This is the case study of Mr. Jones, a 65 year old male, who was admitted to the emergency department with persistent cough and episodes of chest pain over the last five days. He appeared to be experiencing worsening dyspnoea, fever and feeling unwell. It was also noted that he had a poor urine output over the last 24 hours. An indwelling catheter was inserted which only obtained 20 mLs of amber urine. Mr. Jones clinical assessment revealed that his Glasgow Coma Score was 11/15.
He was opening his eyes to speech, only making inappropriate words and localizes to pain. He was also pyrexial with a temperature of 39. 0 ? C, diaphoretic with hot peripheries, hypotensive BP 90/45 mmHg (MAP 60 mmHg), and tachyopneic at 30breaths/min and tachycardic at 120beats/min. This paper will not only define SIRS/sepsis but will also discuss the clinical manifestations in relation to the pathophysiology of systemic inflammatory response syndrome (SIRS)/sepsis in relation to Mr. Jones. Mr. Jones appeared to be in distressed.

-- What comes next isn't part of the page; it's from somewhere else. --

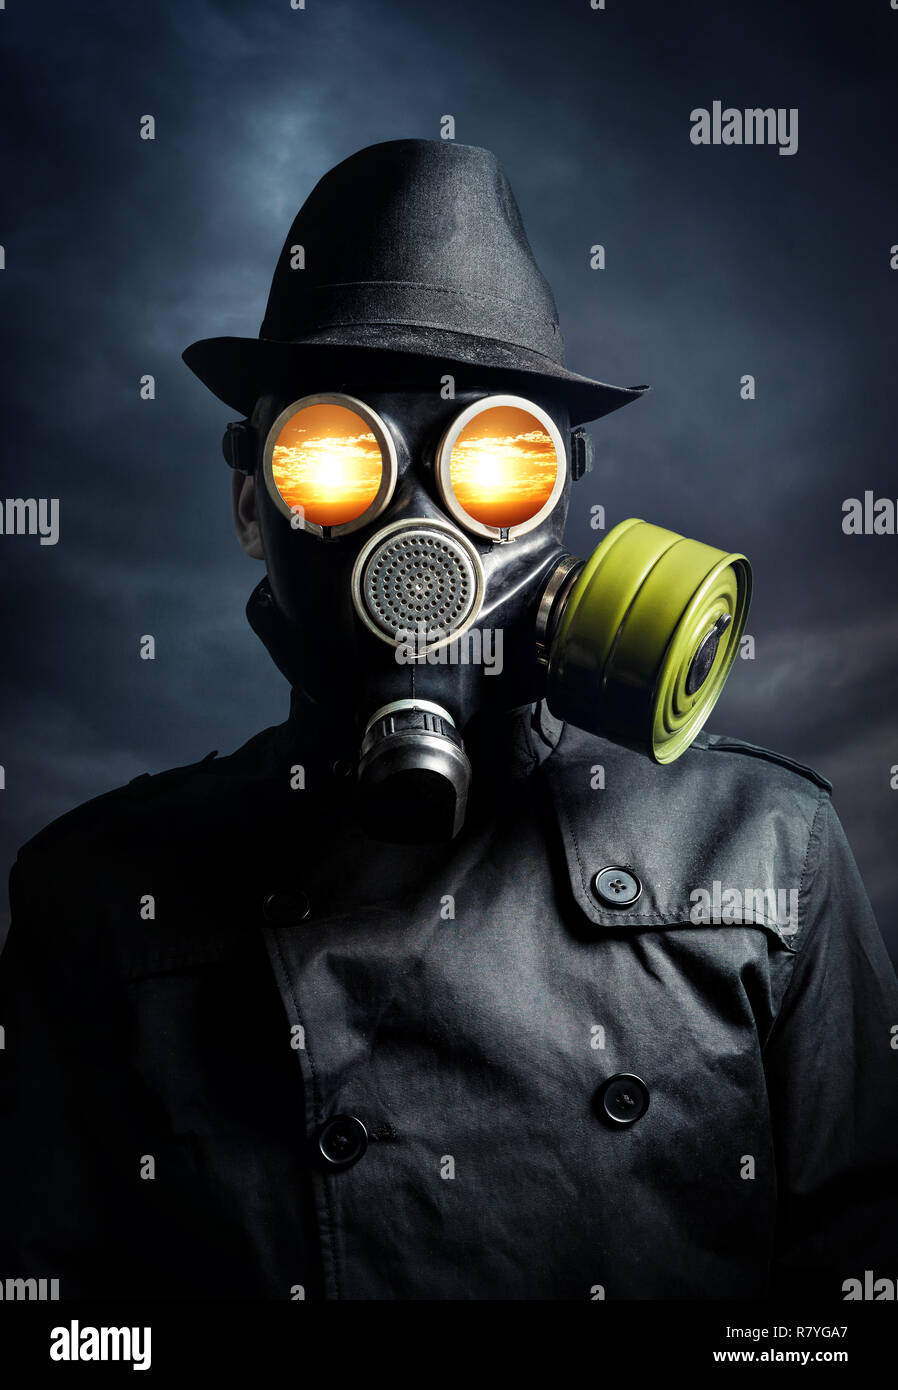 L'homme à un masque à gaz avec explosion dans ses yeux au fond de ciel sombre Banque D'Images

He is now using his accessory muscles to breathe, crackles are heard on auscultation and there is decreased air entry in the left and right bases. Chest X ray revealed consolidation on the left lower lobe and atelectasis in the right lower lobe. After a series of investigation in the emergency department, Mr. Jones was commenced on Normal Saline at 125 mls/hr and he was given oxygen via non rebreather mask at 10L/min. He was then transferred to the intensive care unit for respiratory and circulatory support and a provisional diagnosis of sepsis due to a respiratory source.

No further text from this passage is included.